In light of the epochal year in baseball, first Mark McGuire and then Sammy Sosa's eclipsing Babe Ruth's sixty home runs in 154 games and Roger Maris' 61 in 162 games, I asked the Cantor if we could locate the appropriate place in the liturgy to insert "Take Me Out To The Ballgame." Unfortunately, the choral selections were all fully subscribed. Roger Maris hit 61 in 1961, my Bar Mitzvah year. I followed it with all the fervor that youth could muster. The first and only newspaper section was the Sports. I scanned every line in the box score.
But more than that, I followed the man. Maris was the first to challenge Babe Ruth under the scrutiny of the modern media. They relentlessly pursued him, asking the same questions day after day. He was degraded with an asterisk for taking 8 extra games. He would never be the Babe nor as good as his teammate Mickey Mantle.

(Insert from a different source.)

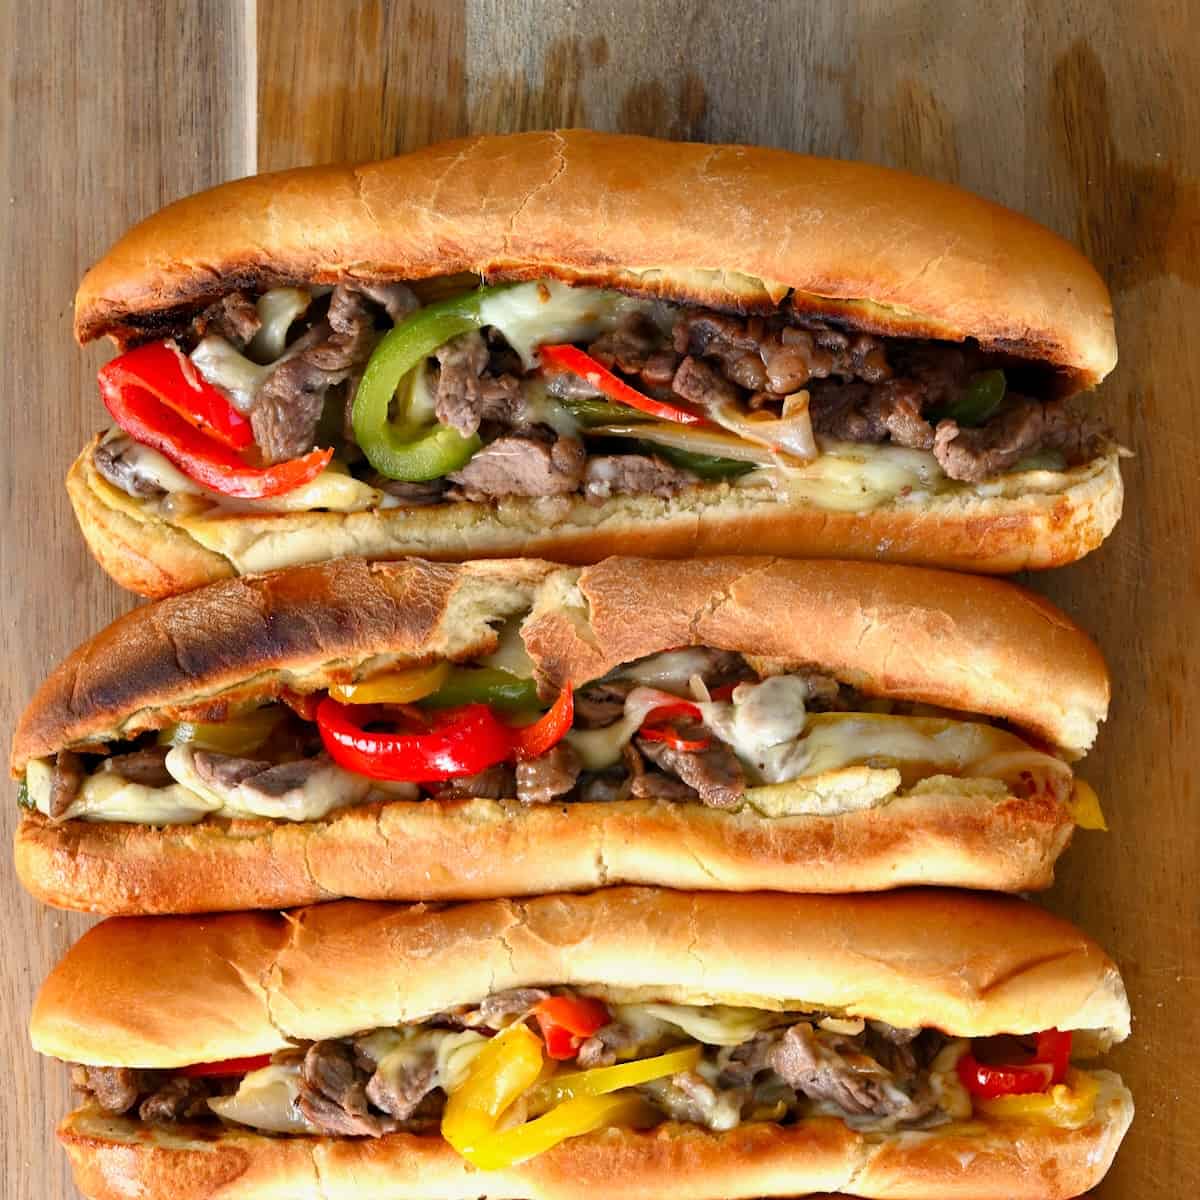 Four Philly cheesesteak sandwiches with melted cheese and peppers

Even though he retreated from the public limelight, Roger Maris remained a mentch, a team player, a family man, with faith in God. He died quietly at the age of 50 from cancer.
Anyone who seen any of Mark McGuire's home runs must be impressed by their distance. They are prodigious. But more important is his humanity and his humility. Rather than boastful of his strength and enamoured with his record, on the day that he matched Maris' he paid homage to his father's birthday, of the same number. On that day and on the next, when he passed Maris', he saluted the man and his feat which stood unsurpassed for 37 years, his family, and publicly embraced Maris' children. Years, decades from now, when other pictures fade, that generosity of spirit will endure. Fate will not be kind to Mark McGuire and Sammy Sosa, as it wasn't to Roger Maris, Babe Ruth, or us. Skills will erode. Future seasons will pale by comparison. The image we retain will be the true mark of the man: the size of the heart and not the tape measure of the home run. In this there is a lesson for us all.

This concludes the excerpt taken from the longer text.